Of course everyone who goes that far ends up building a second one (or third, or fourth) because they feel like they've learned so much making the first one.
posted by Kid Charlemagne at 12:07 PM on February 23, 2010


See also:
http://www.rap-man.com/index.asp
http://bitsfrombytes.com/
http://www.multistation.com/fr/spip.php?article537
http://fabathome.org
...
and probably some others I'm forgetting or haven't noticed yet.
posted by sebastienbailard at 12:13 PM on February 23, 2010


So some sort of rod or fiber injection would be necessary to make this concept work on a smaller scale as well.

One of the transit stations in Calgary used an interesting version of this idea. I found this with a quick look on the interwebs. Something about massively thin, and curved, concrete.
posted by LD Feral at 2:31 PM on February 23, 2010


"This is actually the thing that leaves me scratching my head. These kinds of revolutions don't come for free; my gut has often been wrong, but right now it's telling me that the per-unit energy and materials cost of a part will be MUCH much higher with this approach."
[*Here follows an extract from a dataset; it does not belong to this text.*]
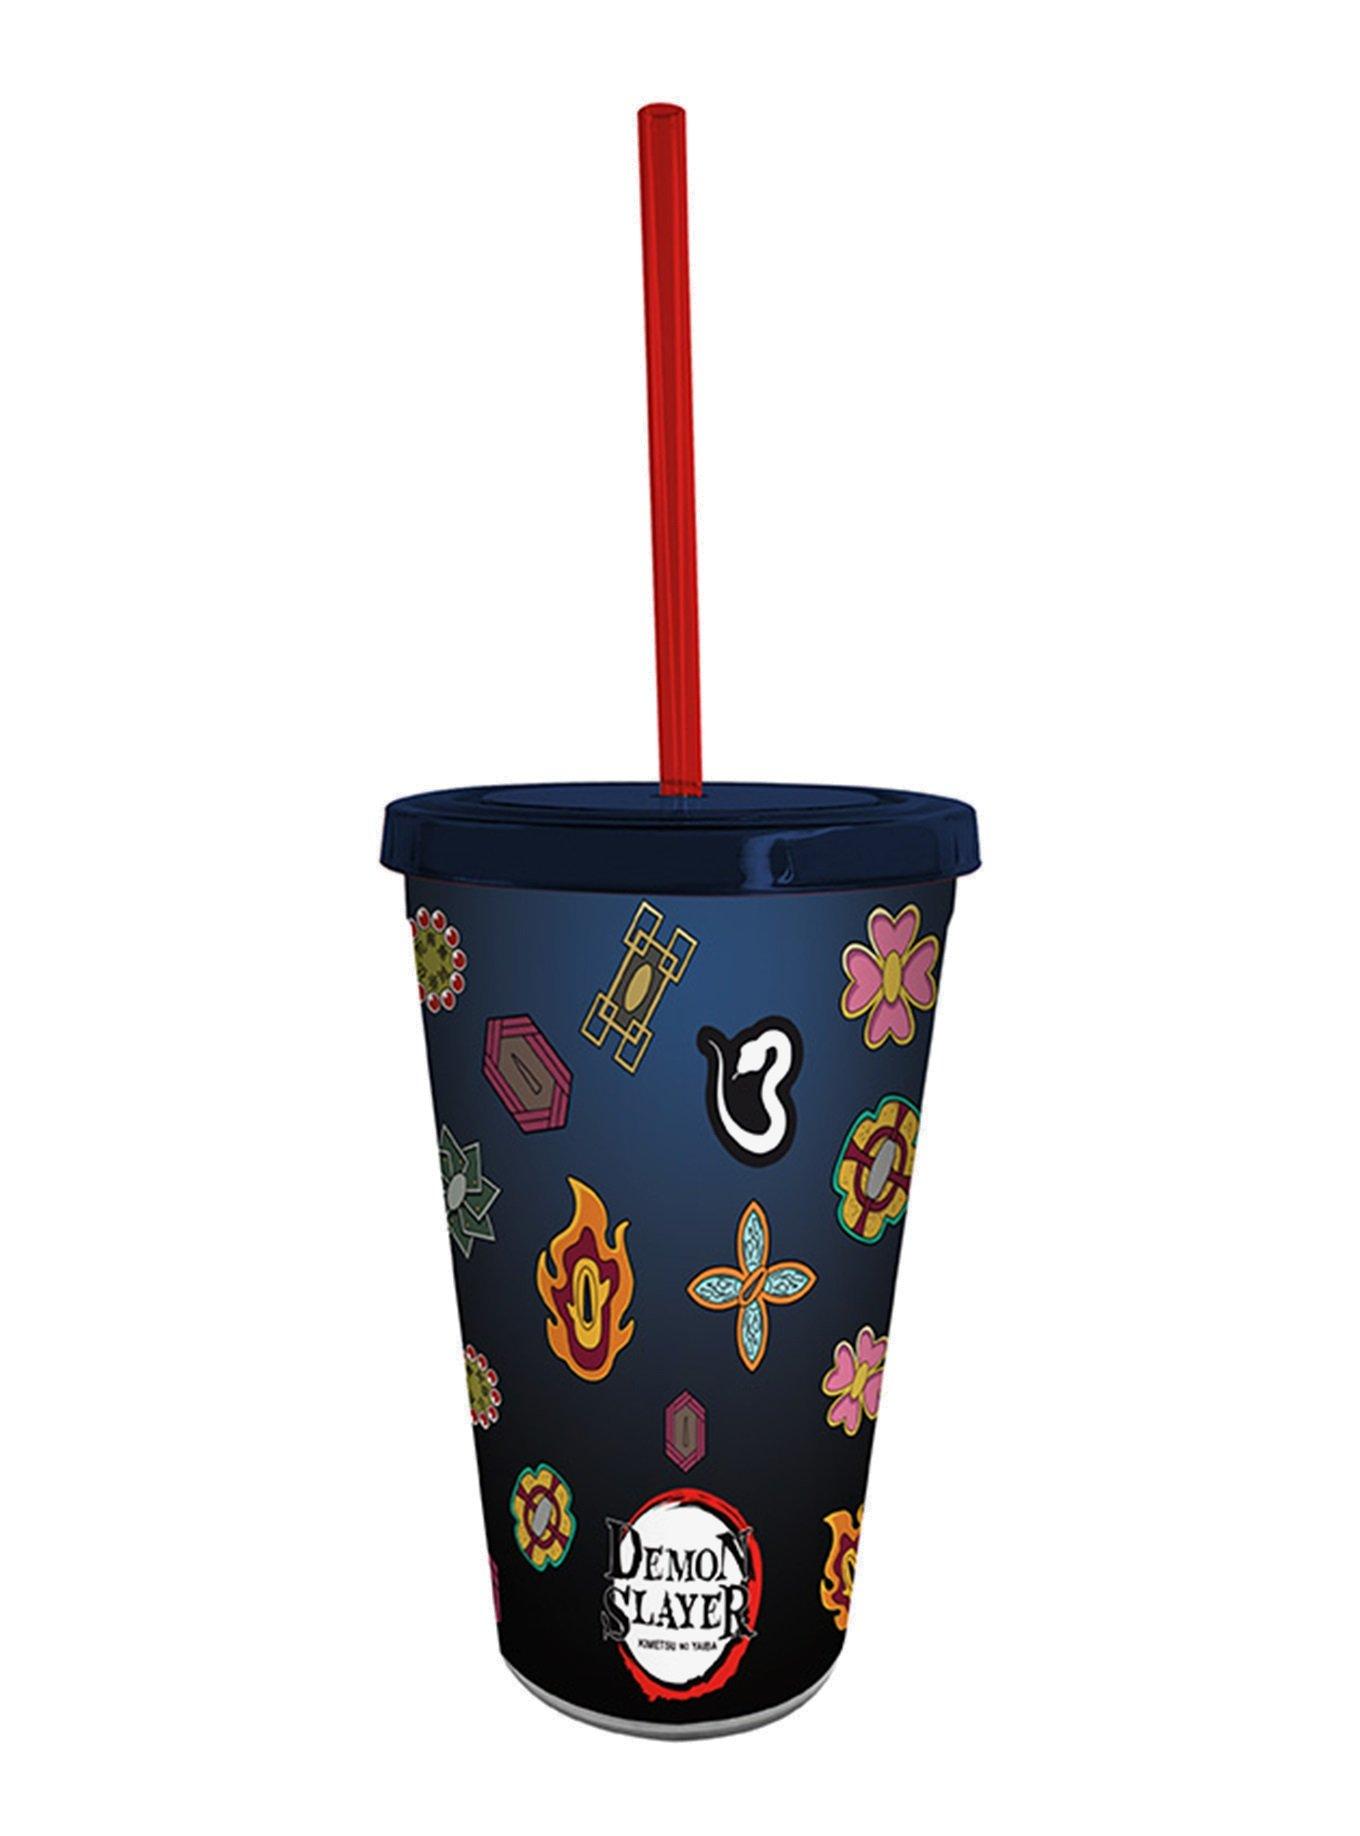  Anime Straw Covers Cap for Cup Straw Accessories

Could be. Thing is the cost of the materials and energy input in something, say a coffee cup, isn't reflected much in the price. A regular restaurant grade coffee cup starts at around $0.50 each when you buy a gross or two at a time. Fancier cups can easily cost an order of magnitude more. The material and energy costs are roughly the same.
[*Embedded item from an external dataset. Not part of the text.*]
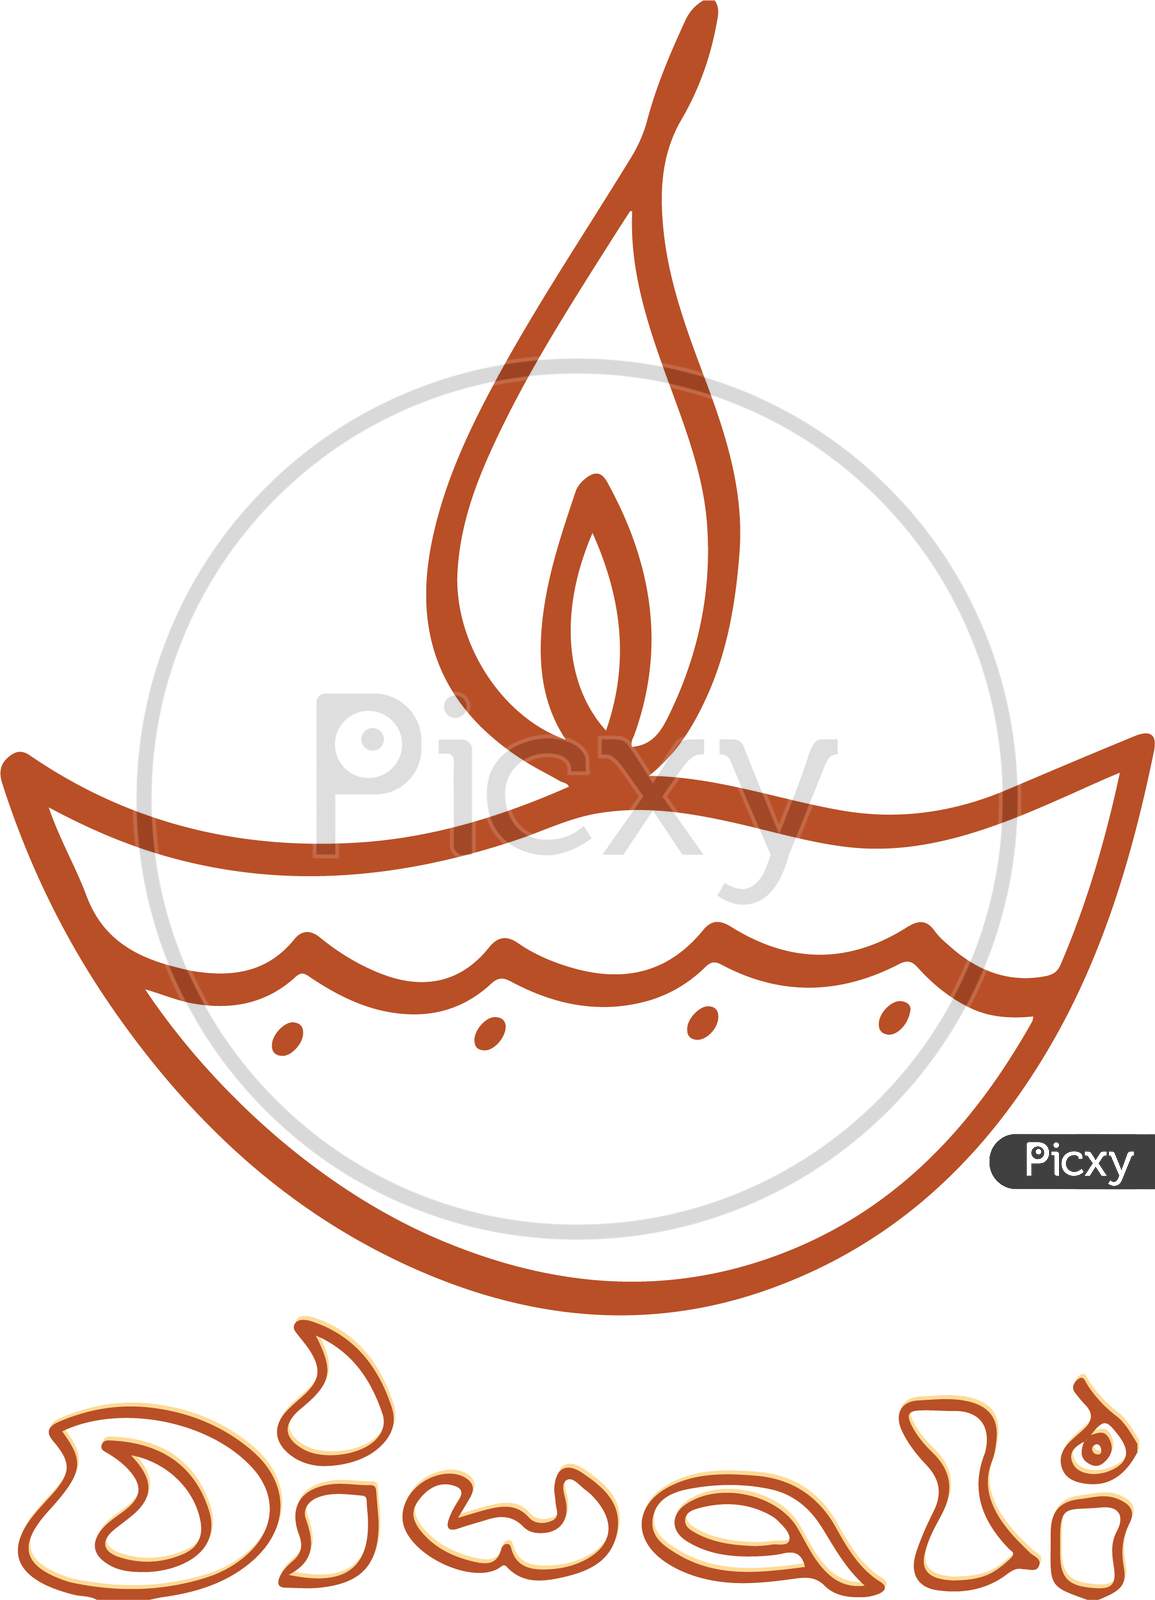 Diwali Diya Pen Ink Style Sketch Greeting Diwali Drawing Diya Drawing  Pen Drawing PNG and Vector with Transparent Background for Free Download

Custom anything is the real power of these technologies. Maybe I want a 7oz cup that is the same width as a 10oz just 30% shorter or a cup in the shape of Florida or a coffee cup that is truncated cone shape (great for drafting board work). Can't buy it anywhere so just crank one out in the shop. Being able to make something that isn't available from an efficient, mass market producer is extremely satisfying.
posted by Mitheral at 4:39 PM on February 23, 2010


See also Shapeways, sort of a cross between 3D printing & Etsy.
posted by yoga at 5:19 PM on February 23, 2010


I suspect that there will not be a revolution of home manufacturing. The economies of scale will favor a large scale manufacturer buying arrays of devices, locating facilities near cheap power, and proximity to raw materials (thereby getting economies of scale). They will ship these devices to you from regional production centers optimized to balance transport costs vs. production costs.
I do think there will be a surge in variety and customization. When you can download your 3-d model, plug in a few simple options and get something totally custom shipped to your door in 48 hours form a 3-d printing facility that will be pretty amazing.
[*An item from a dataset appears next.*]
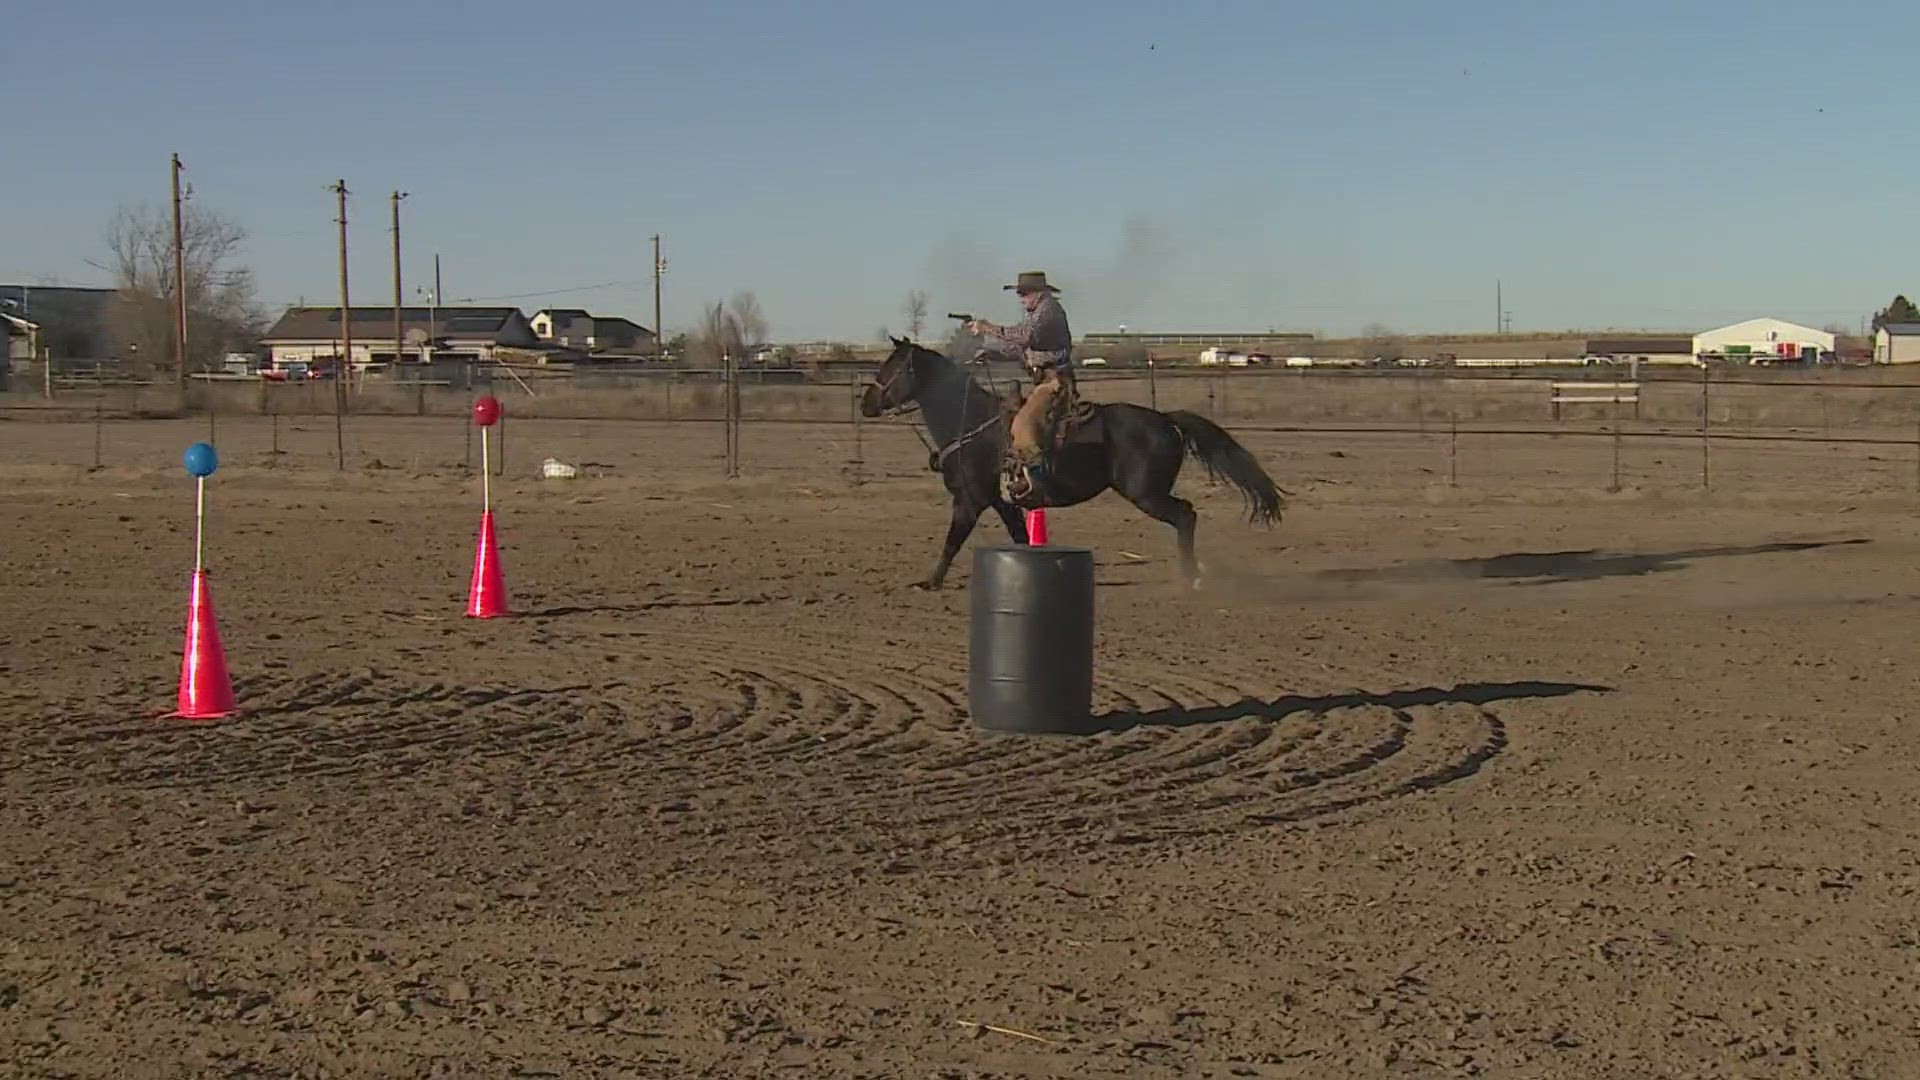 Cowboy Mounted Shooting is returning to the National Western Stock Show this week after a six year hiatus.

I think this is about 1978 right now in terms of 3-D printing compared to the PC revolution. Out somewhere right now is another Bill Gates dropping out of college to go build something on makerbot using blender.
posted by humanfont at 6:23 PM on February 23, 2010


there are additive and subtractive 3d printers. Subtractive is also called CNC, though that usally means an expensive high precision industrial gizmo
Build your own
or buy one
or a smaller one

The current issue of Make magazine (sorry, the digital edition is behind a paywall) is all about this.

Makerbot is based on RepRap but diverges from the RepRap design in that it isn't intended to reproduce itself.

There also a method of 3d printing glass with frit bonded with dextrose. I think it will sinter under heat, but I'm a little sketchy on the details.

Due to the open source hardware movement the price and accessibility of all this stuff is getting the bottom knocked out of it.
posted by warbaby at 9:42 PM on February 23, 2010


Makerbot is based on RepRap but diverges from the RepRap design in that it isn't intended to reproduce itself.

Over on the RepRap wiki we're trying to bootstrap more "Bootstrap" machines which we call RepStraps.

http://objects.reprap.org/wiki/SGBot
http://objects.reprap.org/wiki/SamBot
http://objects.reprap.org/wiki/HydraBot

People like to make RepStraps, and they're useful, and there's lots of room in the wiki. The only reason Makerbot isn't at RepRap.org is that the dev didn't want to put it there.